The United States is working to build accountable institutions free from corruption that respect human rights and enhance the rule of law.
“We are building partnerships to improve courts and prisons, train police and prosecutors, and enhance education systems and job-training centers.” -Ms. Otero
The US government is working towards building partnerships with political leaders, but also with civil society, businesses and with the elite, who have a special obligation to help confront these challenges, Ms. Otero added.
In addition to new partnerships with Central Americans, the United States also is building partnerships across the Americas.
“One example is our cooperation with Colombia in Central America.” -Ms. Otero
Solving the crime and insecurity that plagues Central America requires a set of multi-faceted responses that include involvement by every sector of society, Ms. Otero stressed.
In March this year, the United States of America addressed the security challenges in Latin America where climate of insecurity throughout the region is evident.
The persistently high homicide and crime rates throughout Central America, the Caribbean, and the horrific reports of violence inside Mexico, are symptoms of a broader climate of insecurity throughout the region.
U.S. partnerships with the countries of Latin America and the Caribbean – as well as the growing trend of regional alliances among many of those countries – have resulted in “significant progress” in fighting the illicit drug trade.

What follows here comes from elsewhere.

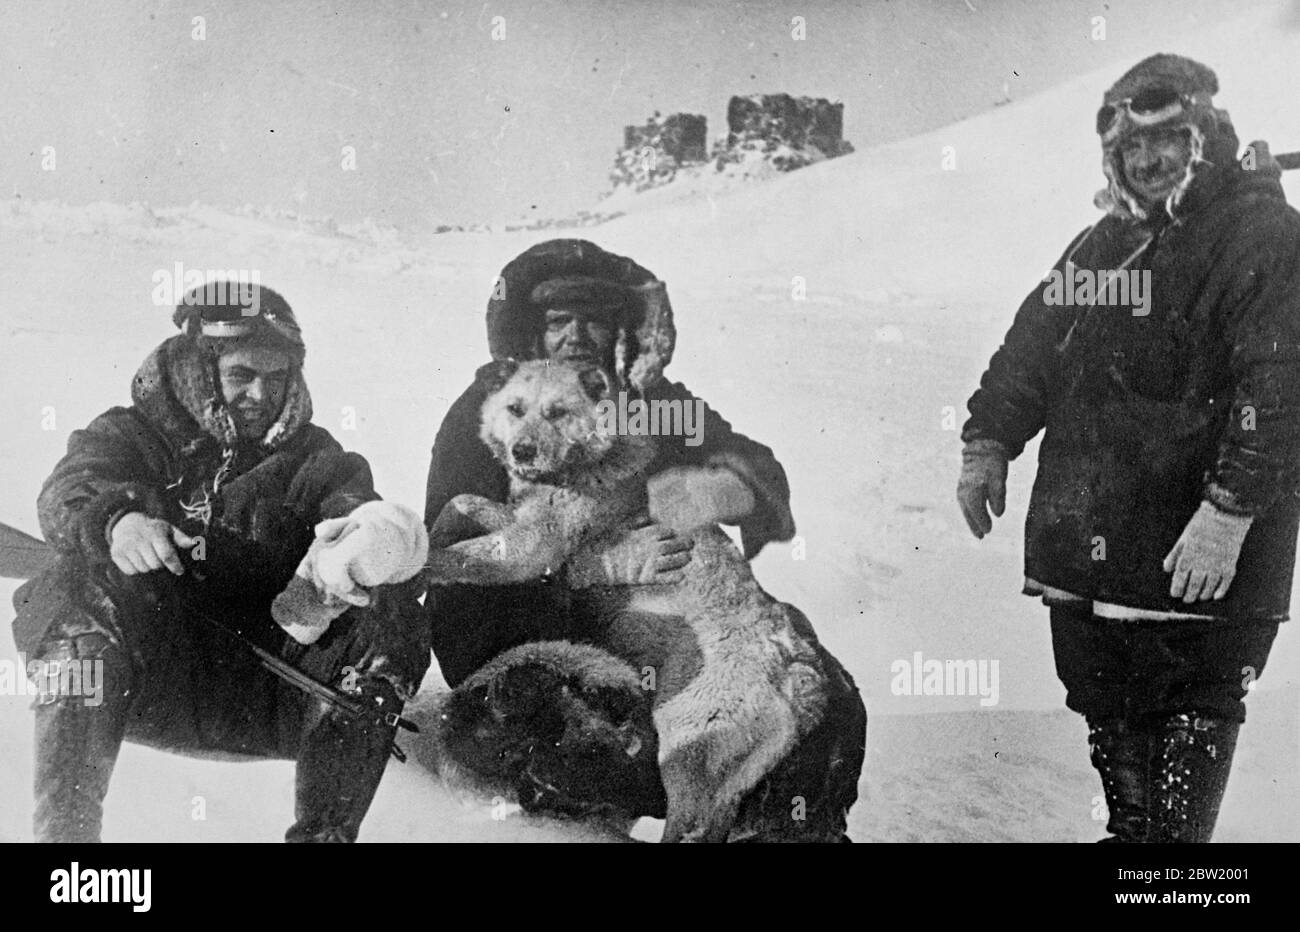 Les membres des pionniers polaires soviétiques se font une expédition avec un de leurs chiens sur la glace. De gauche à droite - P. Shirshov; E. Krenkel et I. Papanin, le capitaine. Les scientifiques russes conquient la terre légendaire de glace et de neige au-dessus du monde qui est encore inexplorée. Ils se sont contenté d'un séjour d'un an sur une banquise au pôle Nord et font maintenant des enquêtes. 2 juillet 1937 Banque D'Images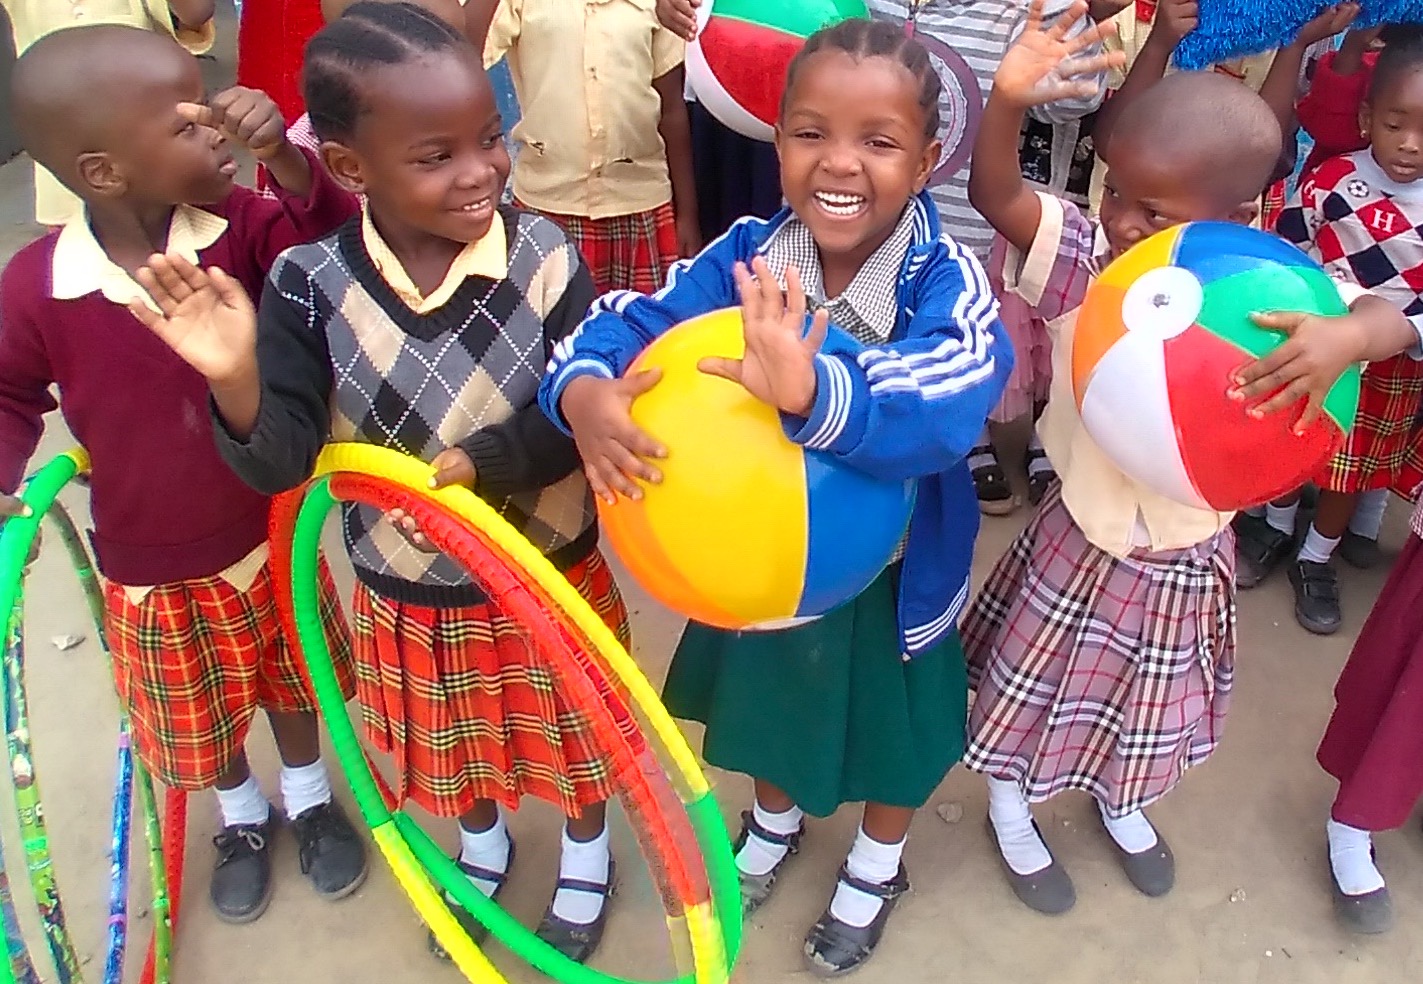 Sparking Joy Through Play - Living Water Children's Fund

Mexico is the principal transshipment route to the United States for South American drugs, a major source of heroin and the key supplier of methamphetamine.
The tri-border area shared by Argentina, Brazil and Paraguay “remains vulnerable to exploitation as a transit zone for narcotics trafficking and other transnational crime as well.
US asserts that despite serious challenges in the hemisphere, collaborative efforts against illicit drugs are achieving impressive results – in the United States and in neighboring countries. The use of illegal drugs by teenagers in the United States has dropped by nearly 20 percent since 2001.